Sudah beberapa bulan berlalu warga +62 sudah terbiasa mengantri dengan tertib demi mendapatkan 2 liter minyak goreng. bahkan prosesi antri migor mirip dengan saat pencoblosan, jari dicelup ke dalam tinta sebagai bukti telah ikut mengantri. Biasanya warga +62 jika mengatri saling dorong dan terbiasa memotong antrian. Sebenarnya masalahnya apa sih ? langka apa mahal ? Indonesia pada tingkat global mampu menyumbang pasokan CPO hingga 58%, sedangkan Malaysia hanya berkisar 26 persen. Sebagai produsen utama, Indonesia tidak mampu menentukan harga dan faktanya terdikte oleh fluktuasi harga eksternal. Meskipun begitu ekspor merupakan bagian terpenting dari tingginya produksi CPO dan sisanya baru untuk kebutuhan dalam negeri. Apalagi harga CPO saat ini sedang melambung, ekspor lebih menguntungkan daripada harus melepas ke pasar nasional.
Publik bukan hanya dibingungkan dengan menghilangnya minyak goreng di pasaran, tetapi juga sejumnlah komoditi lainnya seperti gula pasir, kedelai, daging sapi bahkan solar perlahan tapi pasti mulai lenyap di berbagai SPBU di daerah-daerah. bahkan yang membuat bingung lagi mantan presiden turut njlimet karena masyarakat senang sekali goreng menggoreng jika memasak, sampai-sampai sang mantan memberikan tips memasak tanpa minyak goreng seperti di rebus atau dikukus. Permasalahannya ibu mantan tidak tahu kebanyakan warga makan gorengan sebagai lauk. Disinilah letak pentingnya ketersediaan minyak goreng bagi warga.

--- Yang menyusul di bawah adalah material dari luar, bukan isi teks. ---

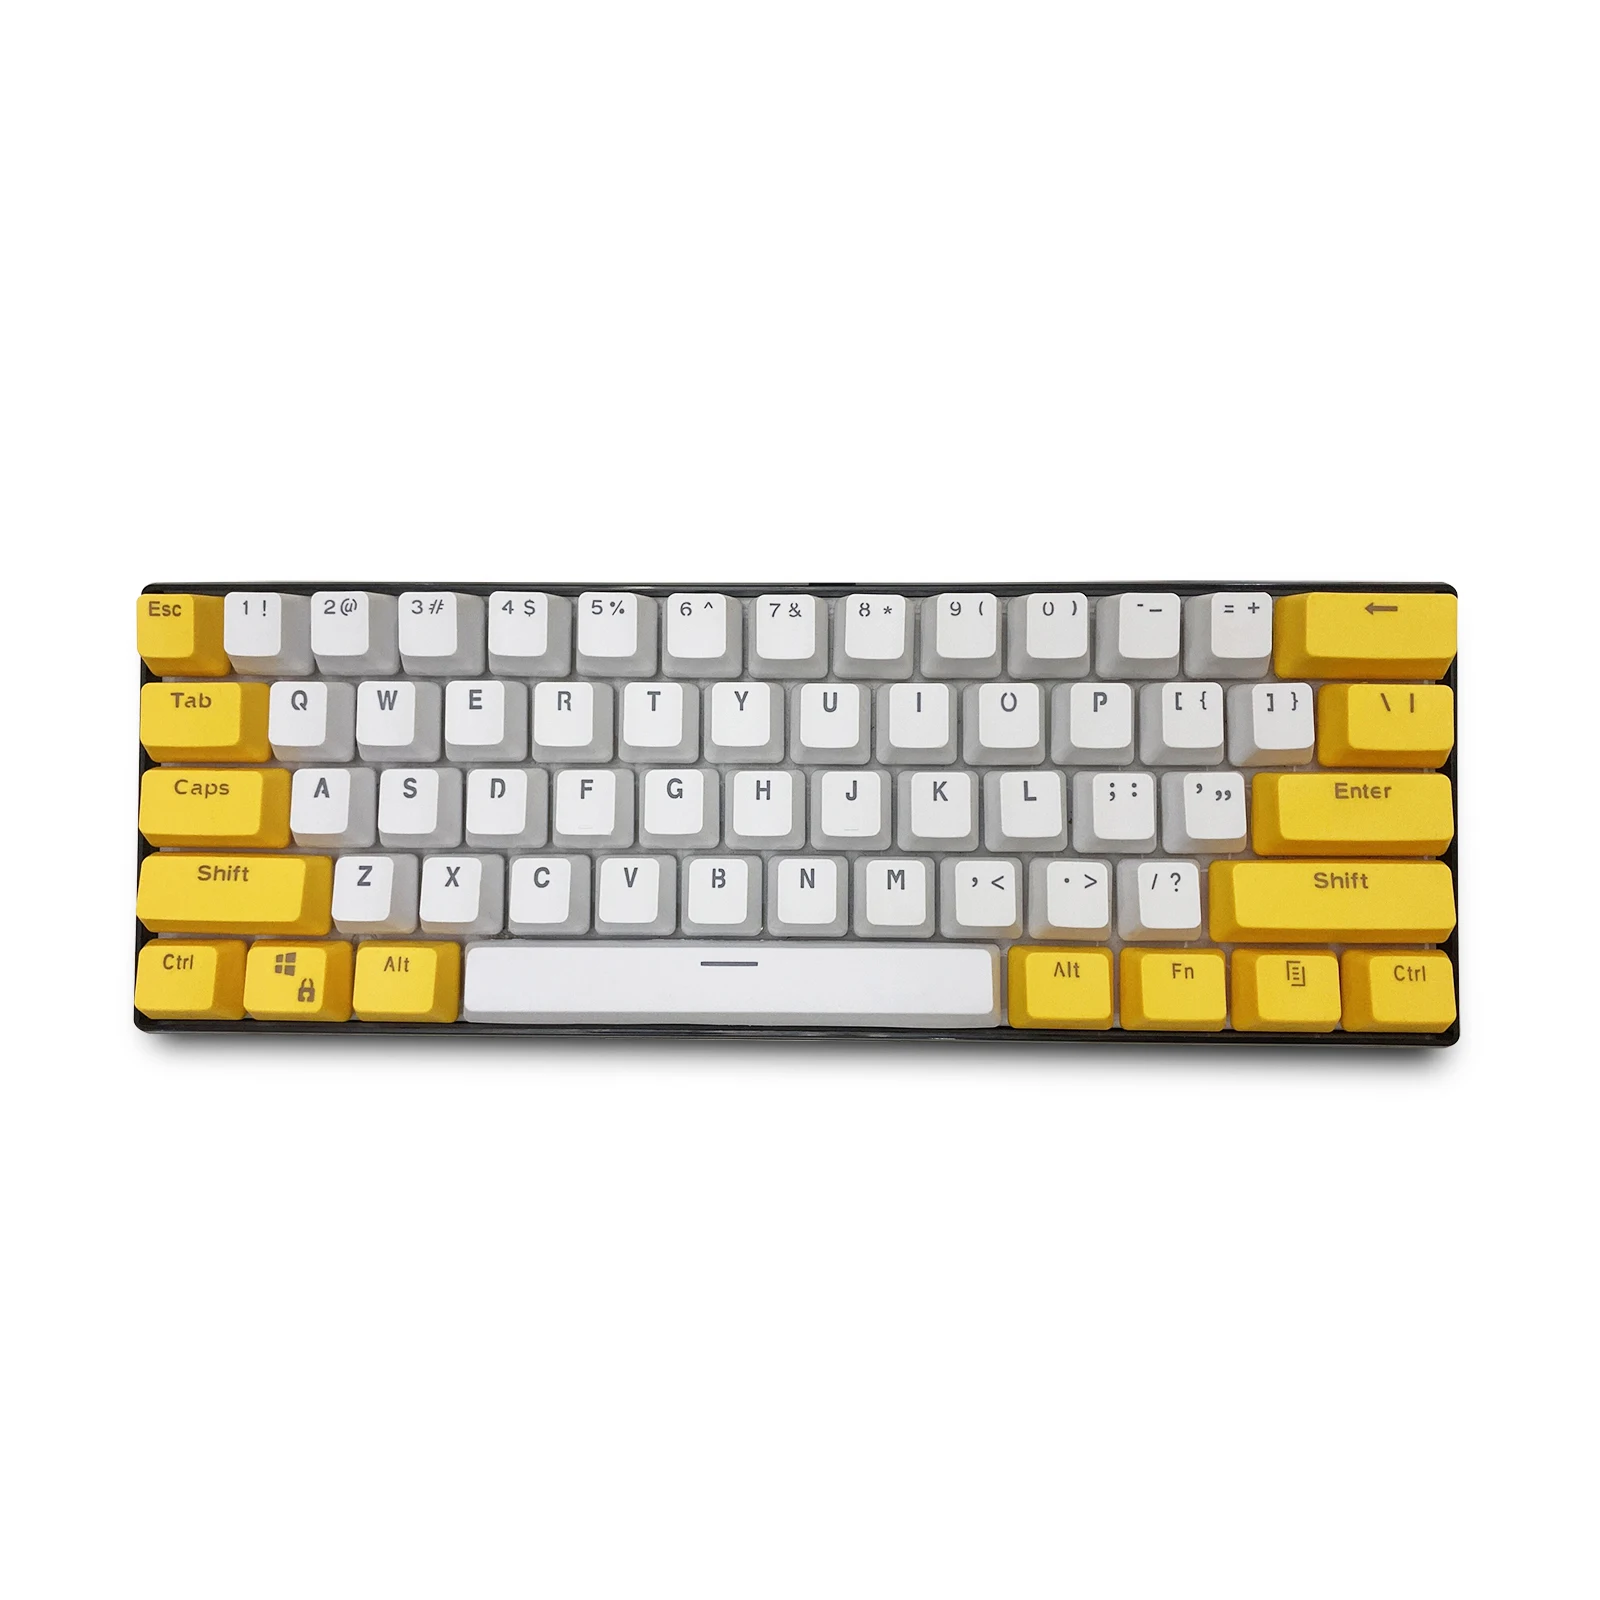 

Колпачки для клавиш RK 61, колпачки для клавиш OEM из материала PBT, двухцветные механические колпачки для клавиатуры с подсветкой (продаются только колпачки для клавиш)

Kebijakan demi kebijakkan menteri perdagangan dan pembahasan berulang-ulang bersama DPR tidak mampu melakukan stabilisasi harga minyak goreng di pasaran, perdebatan panjang di berbagai media hanya membuahkan rasa bingung pak menteri. pak menteri saja sudah bingung apalagi rakyat, lebih dari bingung. Negeri yang terkenal dengan gemah ripah loh jinawi seolah menjadi sebuah memory indah masa lalu. Ratusan anggota DPR, menteri perdagangan, satgas minyak goreng, lembaga perlindungan konsumen dan entah infrastruktur apalagi yang Indonesia punya, namun gagal dalam menyelesaikan satu saja komoditi pangan.
Agar pemerintah terlihat bekerja maka dilakukan operasi pasar, agar anggota DPR seperti bekerja segeralah mengadakan baksos bagi-bagi minyak goreng di daerah pemilihan. lalu setelah itu harga kembali melonjak mahal dan masyarakat kembali menanti operasi pasar dan baksos. Realitas inilah yang membuat bingung, mulai dari presiden hingga RT hanya mampu melakukan bagi-bagi paket sembako, baksos dan pasar murah. Tetapi tidak mampu membuat kebijakan yang mengikat dan mengendalikan pasar serta mekanisme yang ideal sehingga kebutuhan pokok dan mendasar bagi rakyat terpenuhi secara wajar. Kan jadi bingung, kalau urusan baksos atau bagi-bagi sembako biarlah para RT saja yang urus karena mereka lebih kenal dengan warganya jadi idak akan salah sasaran.
Publik masih hangat dengan kalimat sakti yang mengatakan pak presiden turun masalahpun selesai. Kini masalah semakin pelik dan dikhawatirkan kondisi kelangkaan pangan ini dapat memicu anarkisme rakyat. Rakyat sebagian besarnya ingin presiden segera mengatasi kelangkaan pangan, rakyat tidak bisa bertahan dalam kelaparan. Rakyat juga tidak merasa penting dengan aturan baru yang disampaikan presiden tentang dibolehkannya mudik dengan catatan sudah suntik vaksin booster, tetapi yang penting adalah minyak goreng ada, tempe tahu tersedia, cabai melimpah dengan harga murah, telur dan gula putih bawang merah dan putih melimpah dipasar, itu sudah cukup. Menyoal mudik booster ataupun tidak sudah tentu akan tetap mudik. Jadi pak meneteri tidak perlu bingung, Rakyat juga siap menanti aksi pak presiden, Turunkan harga minyak goreng.